VisUAL: A highly visual ARM emulator - ingve
https://salmanarif.bitbucket.io/visual/
======
userbinator
The one thing that immediately caught my eye is the lack of fixed-width-ness
(for lack of a better term) in the value displays. IMHO besides being somewhat
annoying to read it can be rather misleading, which is bad especially for
something "designed specifically to use as a teaching tool". It's misleading
because it doesn't show that the storage for the values is fixed-width. For
example, this clearly shows that the registers are 32 bits and never anything
but:

    
    
        R0 0000BEEF
        R1 000BEEF0
        R2 000000BE
        R3 00000001
        R4 BEEF0000
        R5 00005F77
        R6 00000000
        R7 00000000
        ...
    

I've taught Asm before and seen so many students get this wrong that it's
worth calling out. In fact the right example under the "Error Correction
Suggestions" section gets this wrong too --- that's an assembly/syntax error,
not a runtime error. (ARM's immediate value encoding is also worth looking at
if you haven't seen it before, since it's not just a single 32-bit value
either: [https://alisdair.mcdiarmid.org/arm-immediate-value-
encoding/](https://alisdair.mcdiarmid.org/arm-immediate-value-encoding/) )

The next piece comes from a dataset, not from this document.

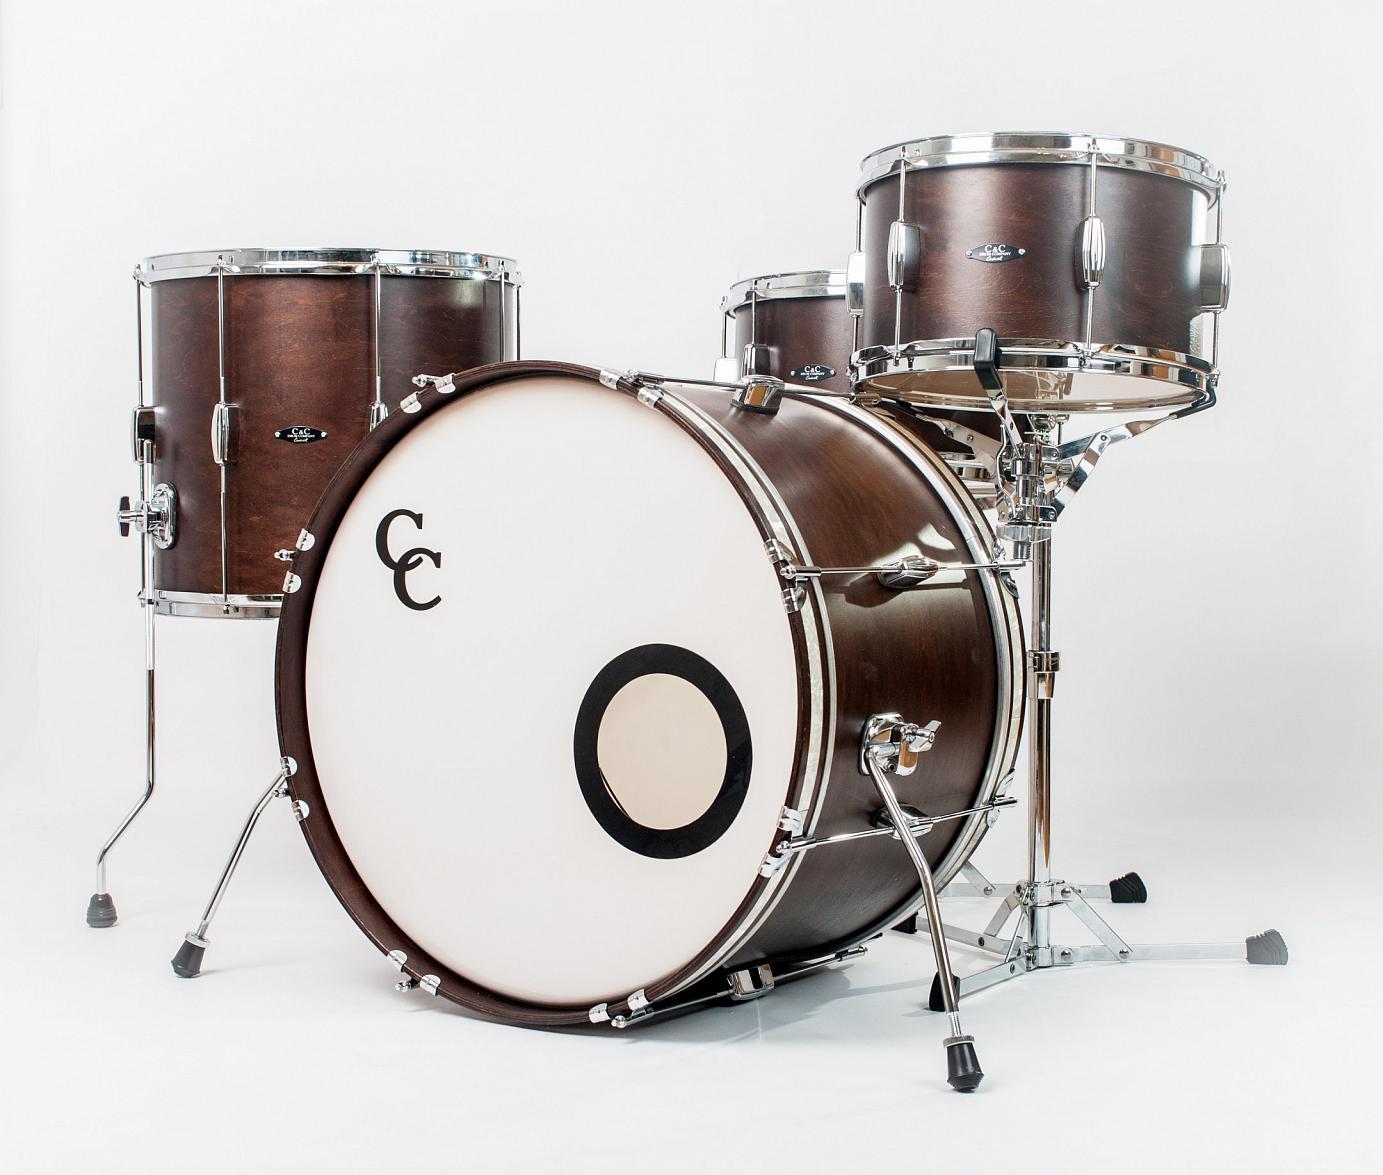 Drum dating

The other thing that I'd suggest as an improvement is a 16-byte-hexdump mode
with ASCII on the right for "View Memory Contents". Other than that, with
perhaps the exception of "infinite loop detection", the other features look
useful.

------
Exuma
Is there a video we can see this in action? I wouldnt ever use a tool like
this because my work doesn't require it, but this stuff still fascinates me
and I'd like to watch someone use it.

------
molticrystal
This simulator since it is based on the unicorn,keystone,capstone framework,
has a lot more instruction support(and architecture support):
[https://github.com/hugsy/cemu](https://github.com/hugsy/cemu) .

Its front was just thrown together though, and it has a few issues. It would
be nice if it ever develops into having a rich front end and progresses
towards what VisUAL has.

------
partycoder
I like this project, and really appreciate that there's a Linux version. Looks
very polished, friendly and inviting, so kudos.

Maybe some code samples could be a good addition.

I used a similar program to learn assembly, GNUSim8085, targeting the Intel
8085 architecture and is packaged for most distros.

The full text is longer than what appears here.